The author well integrates a discussion of how this new view of science impacted on religious thinking in the period before Darwin's bombshell "Origin." This is a familiar area for the author, since she has written "Reforming Philosophy: A Victorian Debate on Science and Society," and she handles it quite well. Was god like a mechanic, or a "divine programmer," who set up the universe to operate in accordance with universal physical laws, and left it to do so, or did he frequently intervene in the world to, for example, create new species? The group may not have agreed wholly on this issue, but they did agree emphatically that science and religion were compatible. It is interesting speculate on whether Darwin's interactions with Babbage got him thinking about the possibility of evolution.
I found Babbage to be particularly interesting. In effect, he created a mechanical computing machine that, had it been built, would have duplicated many of the facets of modern digital computers. Had this machine been built and utilized in the 1830's, imagine the impact it would have had. Among other things, members of the group developed photography, charted the world's currents, studied the earth's magnetic fields, charted the universe, translated Plato, worked on ciphers, and on and on. Truly an amazing and gifted group!

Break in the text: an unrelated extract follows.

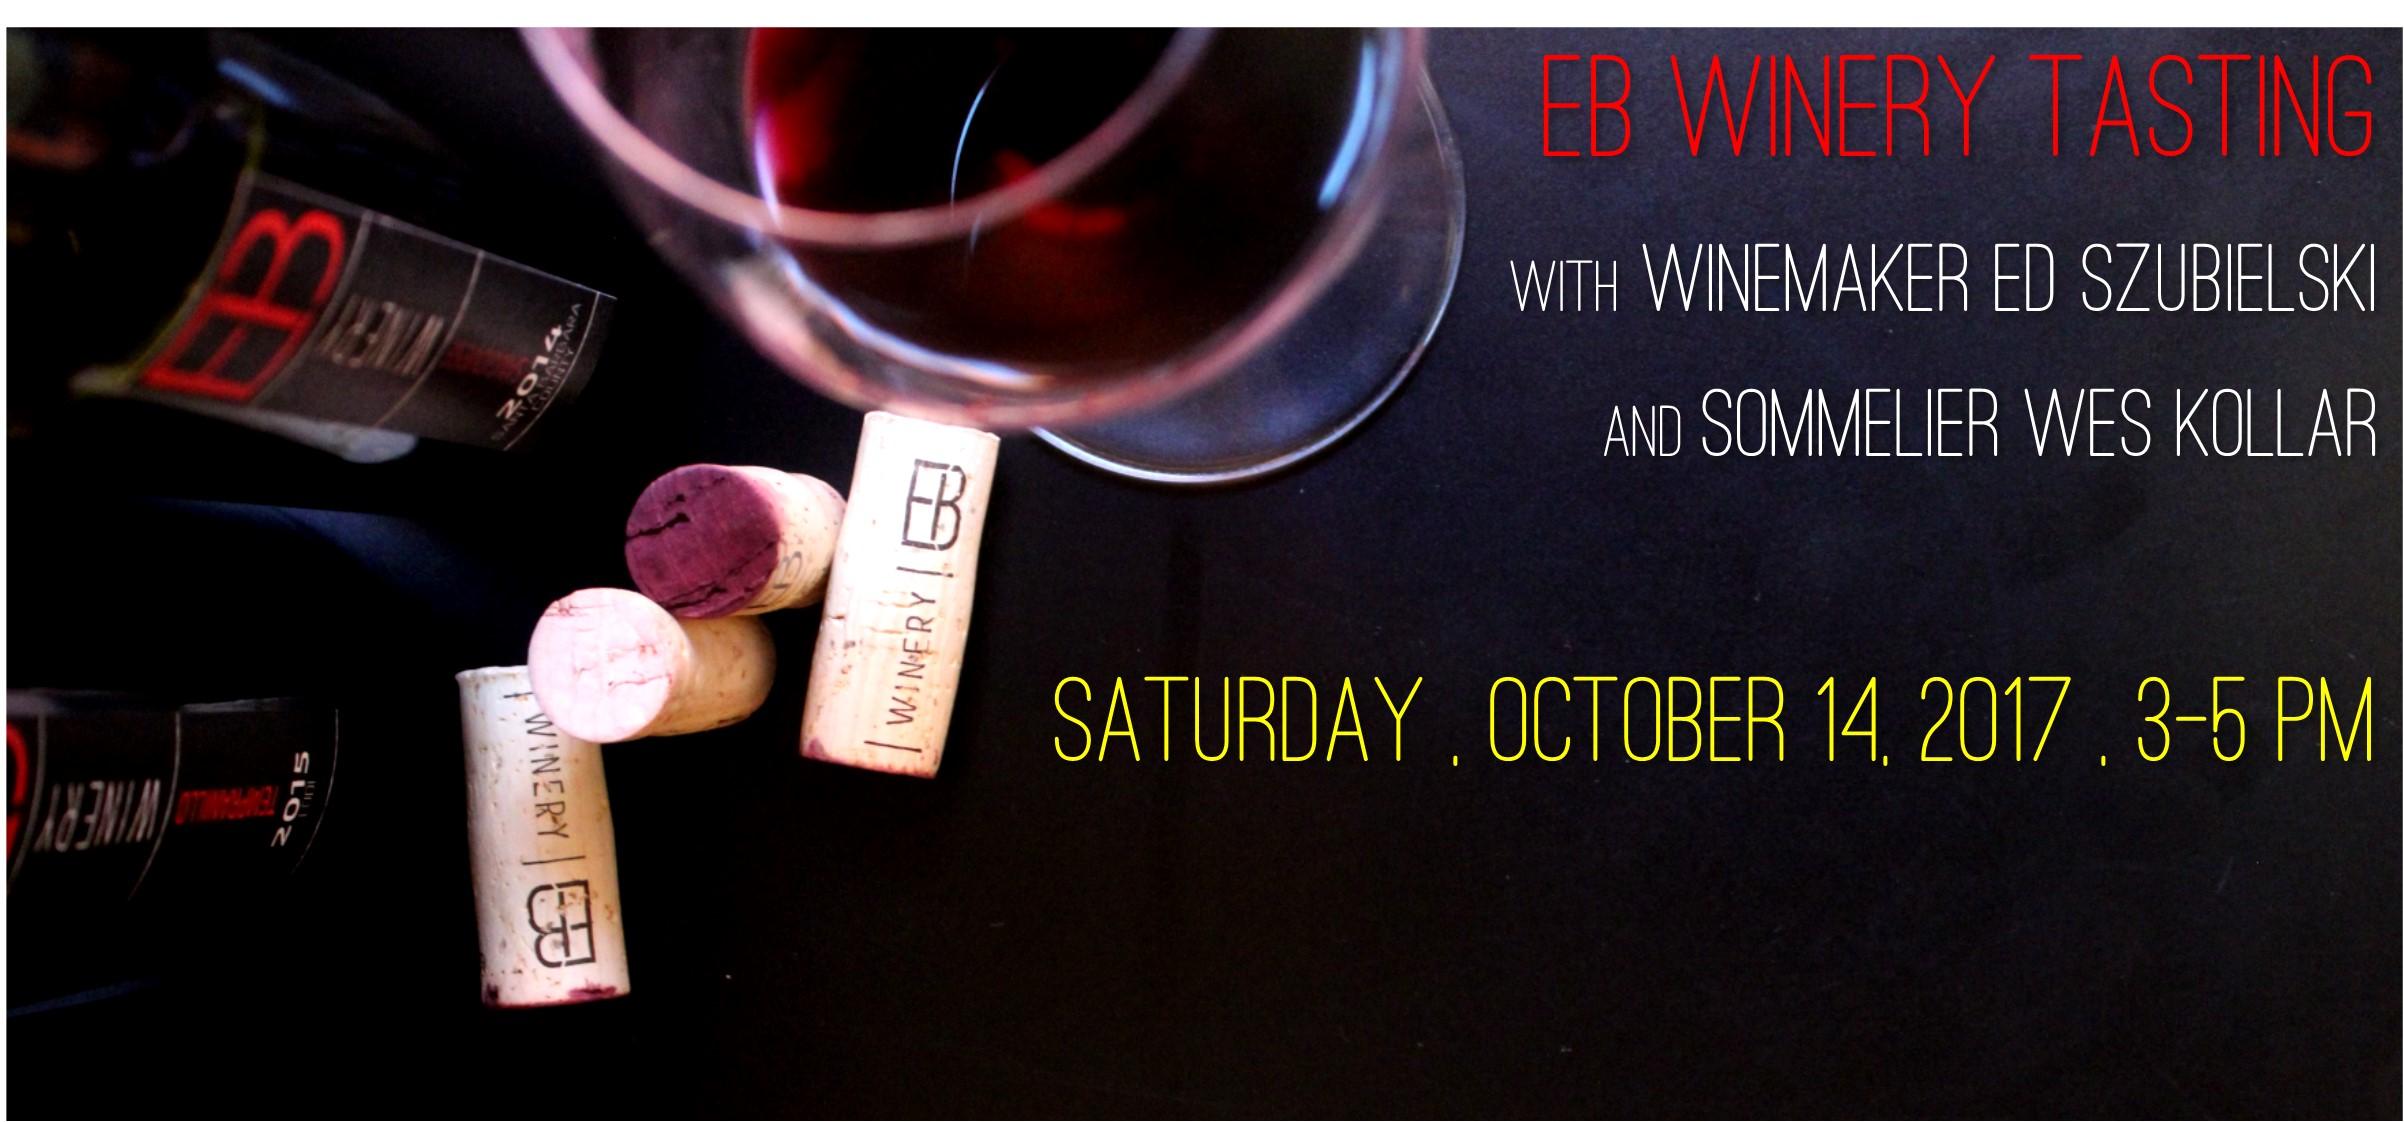 EB Winery Tasting FB Cover.jpg

By the time of their deaths, science and "scientist" were recognized terms; an empirical and quantitative scientific method prevailed; the government was beginning to financially support science and it had achieved somewhat of an accepted role in the universities; international cooperation was developing; multiple scientific organizations were functioning; and London's "Great Exhibition of the Industry of All Nations" in 1851 demonstrated how science impacted on everyday life and activities. The modern world was just around the corner.
Though a long book at around 400 pages, the author's narrative never bores nor does it overwhelm those such as myself who lack a heavy scientific background. The author's 39 pages of useful notes and 16 page bibliography attest to the substantial research upon which the book is based. She knows this period well and the important issues that need to be discussed. 19th century British science is a treasure trove for those of us interested in intellectual history, as these four remarkable individuals attest. The author has unlocked the door to many of these key issues in this fine volume.